The Ukrainian Holodomor, or "death by hunger," was one of history's most horrible genocides, rivaling the Holocaust in numbers. Yet you'll gain more appreciation of it by reading a few paragraphs of the Wikipedia article than by watching Bitter Harvest.
The romantic drama attempts to relay the struggles of Ukrainians during Stalin's brutal enforcement of agricultural collectivization. As their storytelling vehicles, director George Mendeluk and writer Richard Bachynsky Hoover have chosen two fictional characters: young peasants Yuri (Max Irons) and Natalka (Samantha Barks).
"My Ukraine was a world where legends lived and anything was possible," Yuri, an aspiring painter, tells us in voice-over. But as oppression sets in, it's not the endless possibilities that occupy their minds – it's survival. At least they have their love, which is unwavering from childhood, through marriage, through Yuri's journey to Kiev to find work.
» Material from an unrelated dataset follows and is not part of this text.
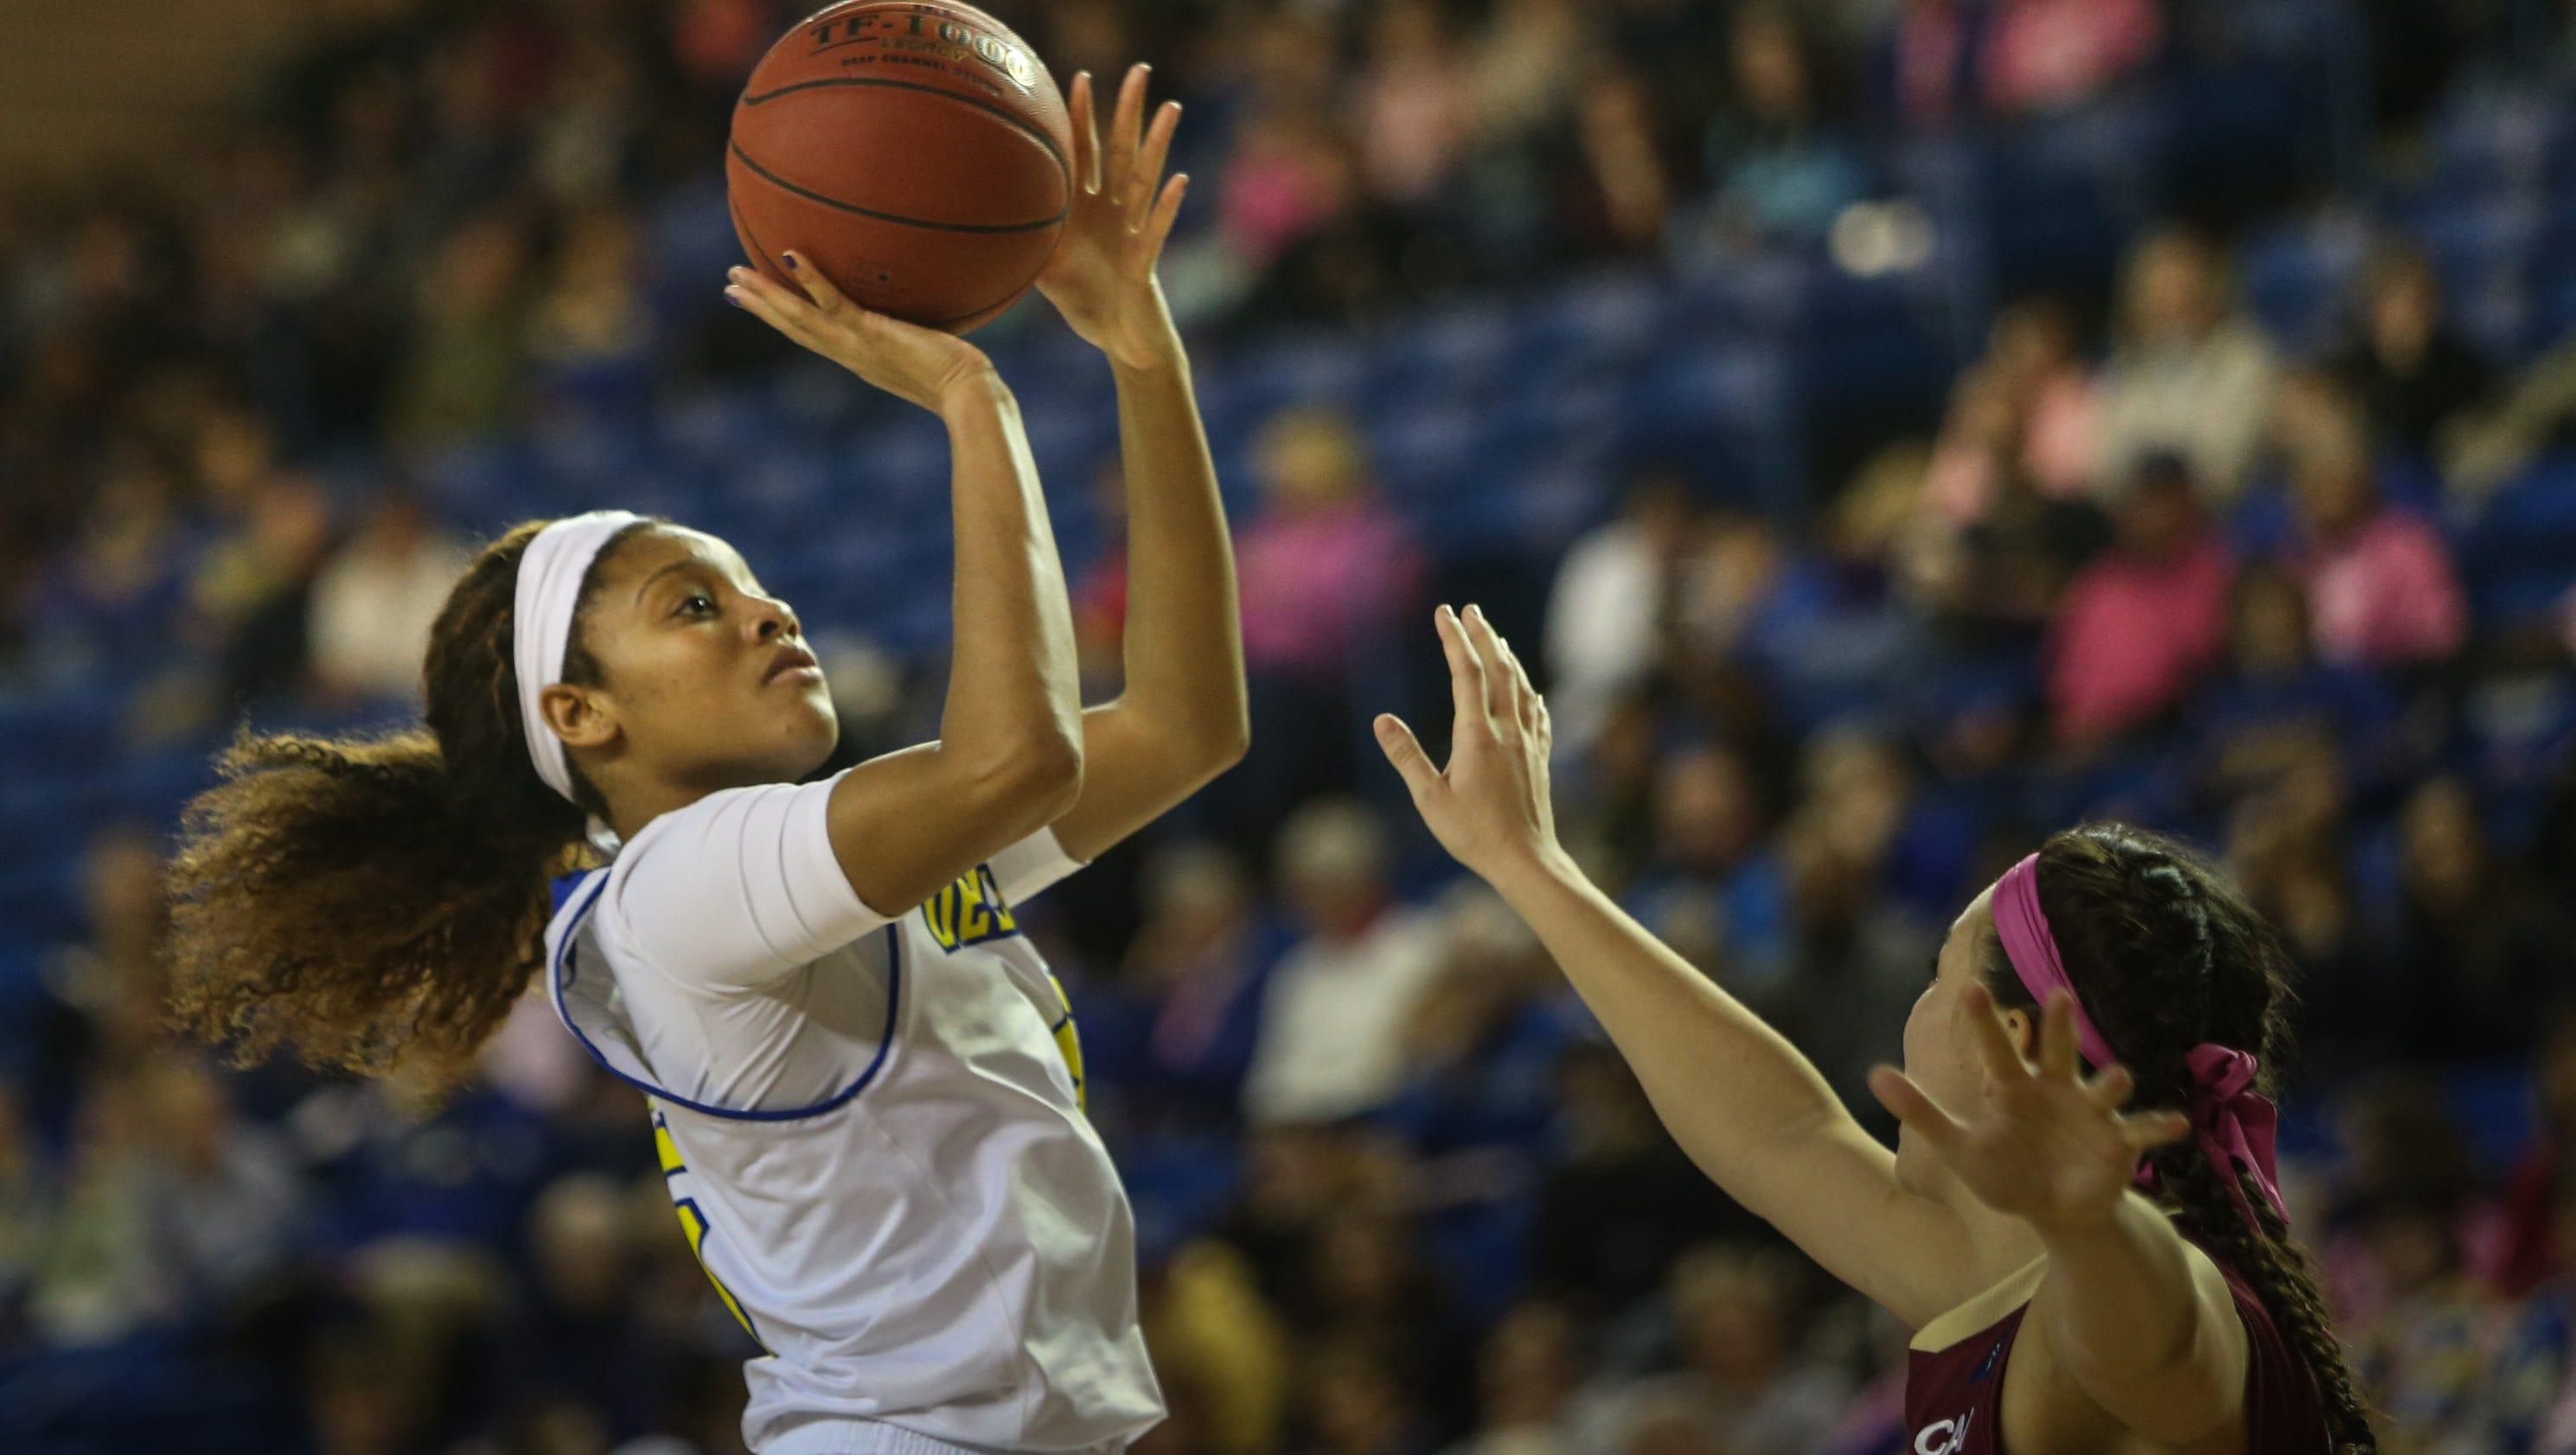 UD women take command in 2nd half to beat Charleston

It sounds like a noble, necessary tale, and it is in theory, but the ambitious production went wrong somewhere. It started with a script from Hoover, a Ukrainian-Canadian who passionately championed it for years. Fellow Ukrainian Ian Ihnatowycz ultimately agreed to produce and fully finance the film, which shot extensively in Kiev. Though the staid screenplay is filled with pat lines like "no one can ever take away your freedom," the blame seems to fall more on Mendeluk, whose 72 directorial credits on IMDb read more like a recipe for B-level entertainment than a requisite for a period epic.
Editors Stuart Baird and Lenka Svab should also be faulted, as the story is somehow whittled down to just one hour and 43 minutes, forcing scenes to flow confusingly into one another, lacking clarity and emotion. Not lacking are stiff performances, overbearing music and unpredictable dialects ranging from Russian to a mix of British sounds that include modern Estuary and Cockney. These flaws turn people into caricatures and cloud our comprehension of character motivations and the tragedy itself. They also muddy the film's timeline, as the Holodomor seems to begin with the death of Lenin in 1924 but actually happened in 1932-33, a fact we learn only at the film's end.
Irons (Red Riding Hood, The Host and yes, son of Jeremy) and Barks (Eponine from Les Miserables) are competent – and young Jack Hollington is superb as an orphan – but they get little help from the supporting cast. Playing Yuri's grandfather is veteran Terence Stamp, who is almost entirely wasted, as is Barry Pepper as Yuri's father. Also unimpressive are Tamer Hassan as a cardboard cutout of a Russian villain and Aneurin Barnard as Yuri's best friend and leader of the pro-Ukrainian political movement. The latter's love for Natalka would have made an interesting subplot but, thanks to poor writing or editing, is barely noticeable. The same is true for other potentially intriguing elements, such as Yuri being forced to subvert his artistic creativity to create propaganda paintings.
The worst scenes feature Stalin. Played without a hint of believability by Gary Oliver, he reminds one of Seinfeld's Saddam Hussein, who double-parks and blocks in Kramer's car in "The Dinner Party" episode. (Oliver's "Damn those Ukrainians!" is the film's comedic highlight.)
Bitter Harvest does offer pretty cinematography and respectable battle scenes, and it gains credibility with its book-end finale, but the victims of the Holodomor deserve an infinitely better cinematic epitaph.